Ongoing lava eruptions at Kilauea have created a plume of "laze" - a steam cloud composed of hydrochloric acid and fine glass particles - as of Monday, May 21, as the molten rock flows into the Pacific Ocean off of the Island of Hawai'i. Authorities have warned residents of associated health risks of laze, including lung damage and eye and skin irritation. The US Coast Guard has prohibited all but permitted tour boats from traveling in the affected areas. Additionally, Kamaili Road and Highway 137 between Kamaili Road and Pohoiki Road was closed to all traffic as of Monday morning (local time) due to lava and fires, according to the Hawai'i county Civil Defense agency.
A "red" level aviation alert remains in effect for Kilauea as of May 21, indicating that a major volcanic eruption may be imminent. The decision, made by the US Geological Survey (USGS) on May 15, came amid intensifying ash eruptions and the production of rock projectiles from volcanic explosions. Additional lava, gas, and ash eruptions are expected at Kilauea and the East Rift Zone in the coming days. Consequent transportation disruptions and evacuations are possible in the near-term. Notably, flight disruptions due to the presence of ash in the atmosphere are possible in the coming hours and days, including at Kona International Airport (KOA).
Residents on the Island of Hawai'i near the ongoing eruptions have been told to be prepared to evacuate on short notice; 1700 people have already been evacuated in recent days. A number of earthquakes have also shaken the area, the strongest of which have measured 5.0 on the Richter scale.
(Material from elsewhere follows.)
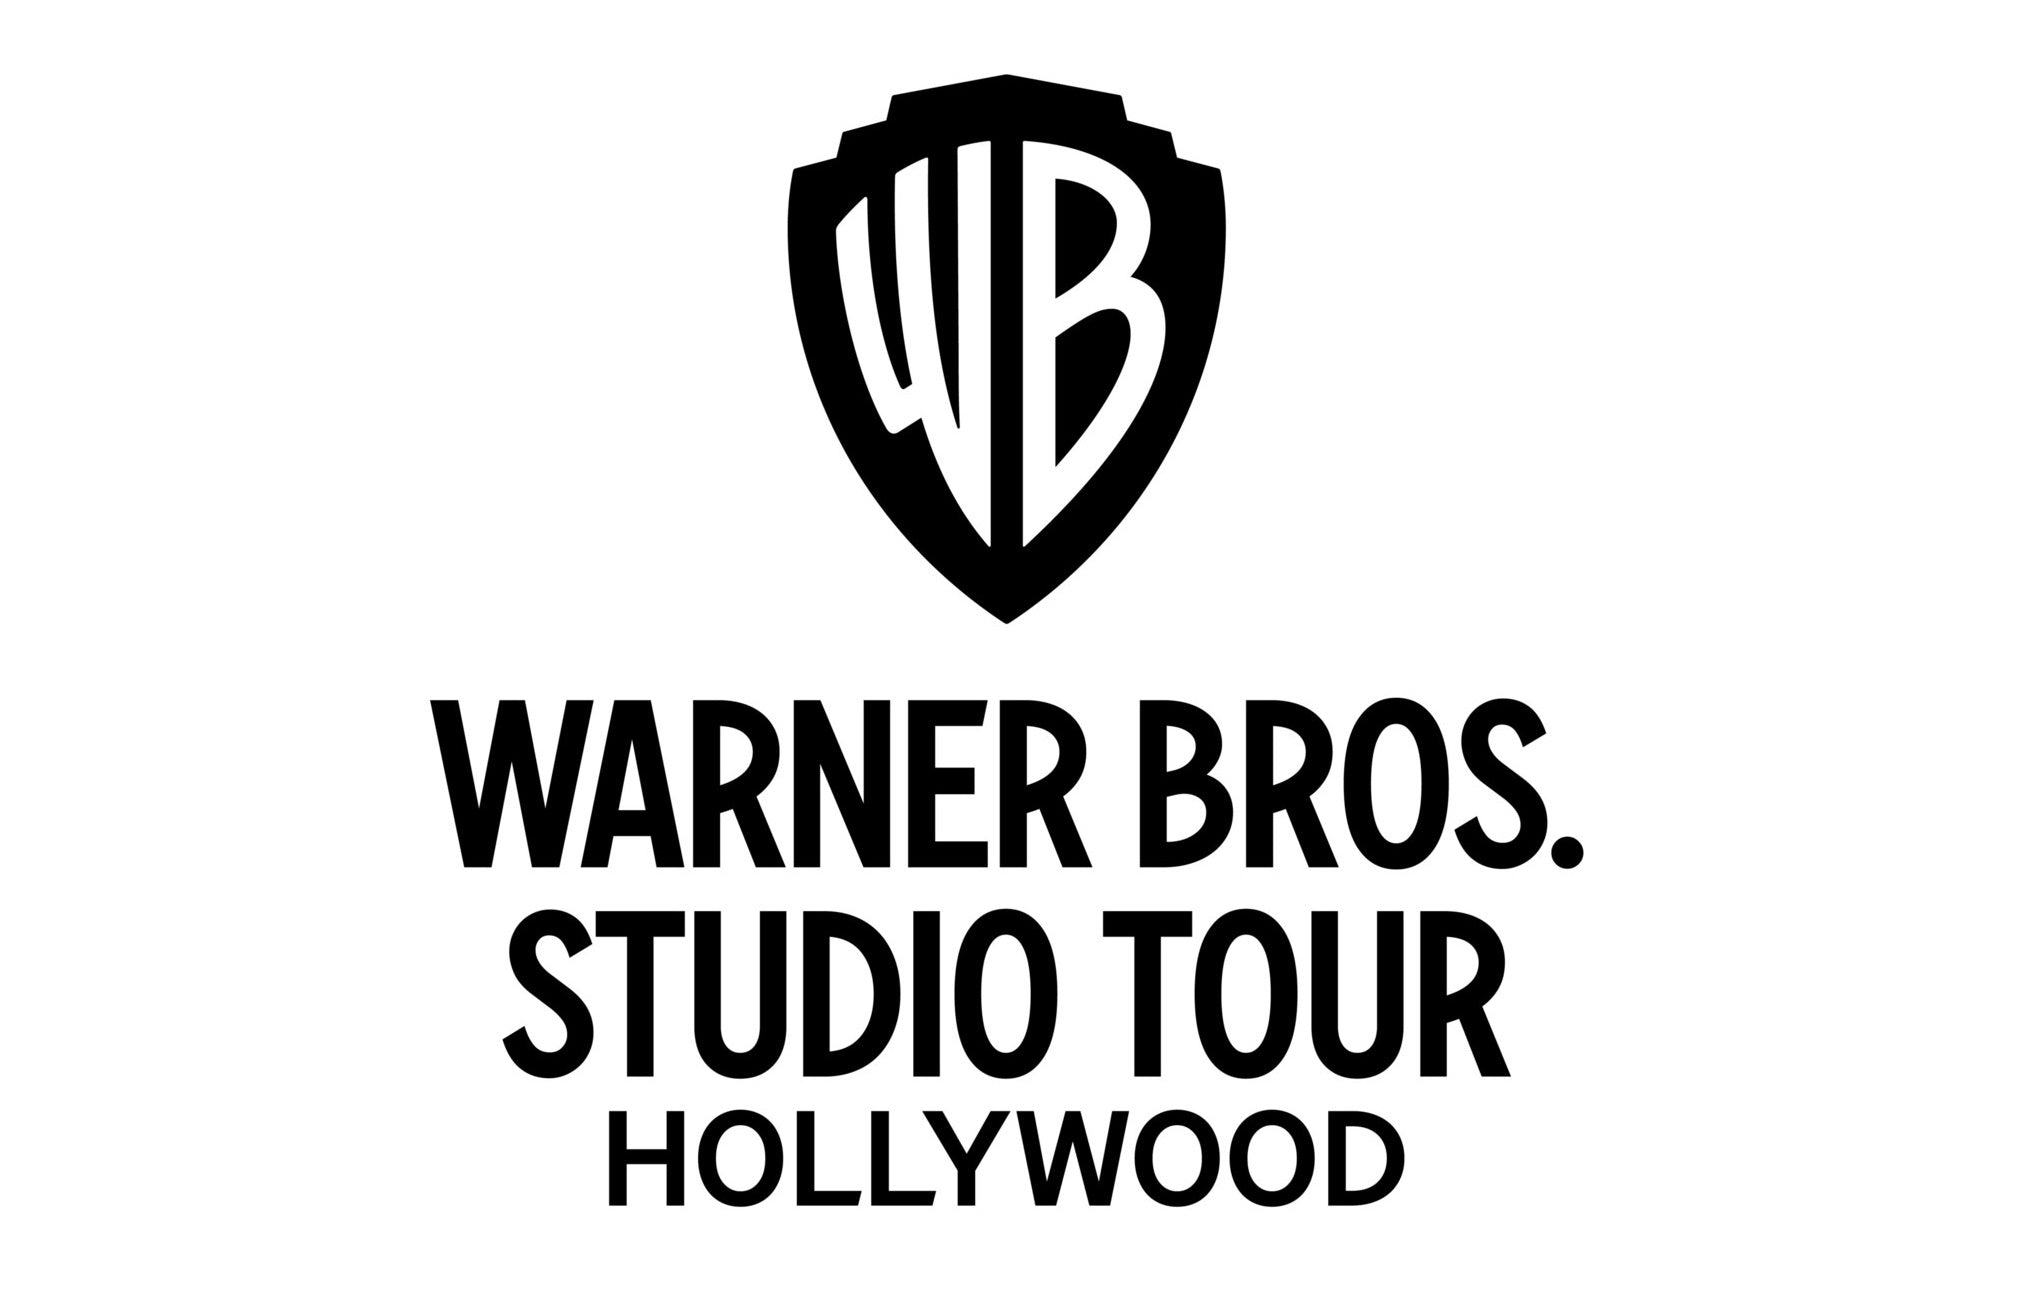 Warner Bros. Studio Tour Hollywood Warner Bros. Studio Tour Hollywood

Kilauea began erupting on May 3. Lava flows have since destroyed dozens of homes and forced the evacuations of thousands of people from the Leilani Estates and Lanipuna Gardens communities. Hawai'i Volcanoes National Park has been closed since May 11 as a precaution. US President Donald Trump has declared a state of major disaster in Hawaii, making federal funding available for recovery operations.
Individuals in Hawaii are advised to avoid the affected area, monitor the situation, confirm flight reservations, follow any instructions issued by the local authorities (e.g. evacuation orders), and wear respiratory masks and covering clothing to protect skin from ashfall in affected areas.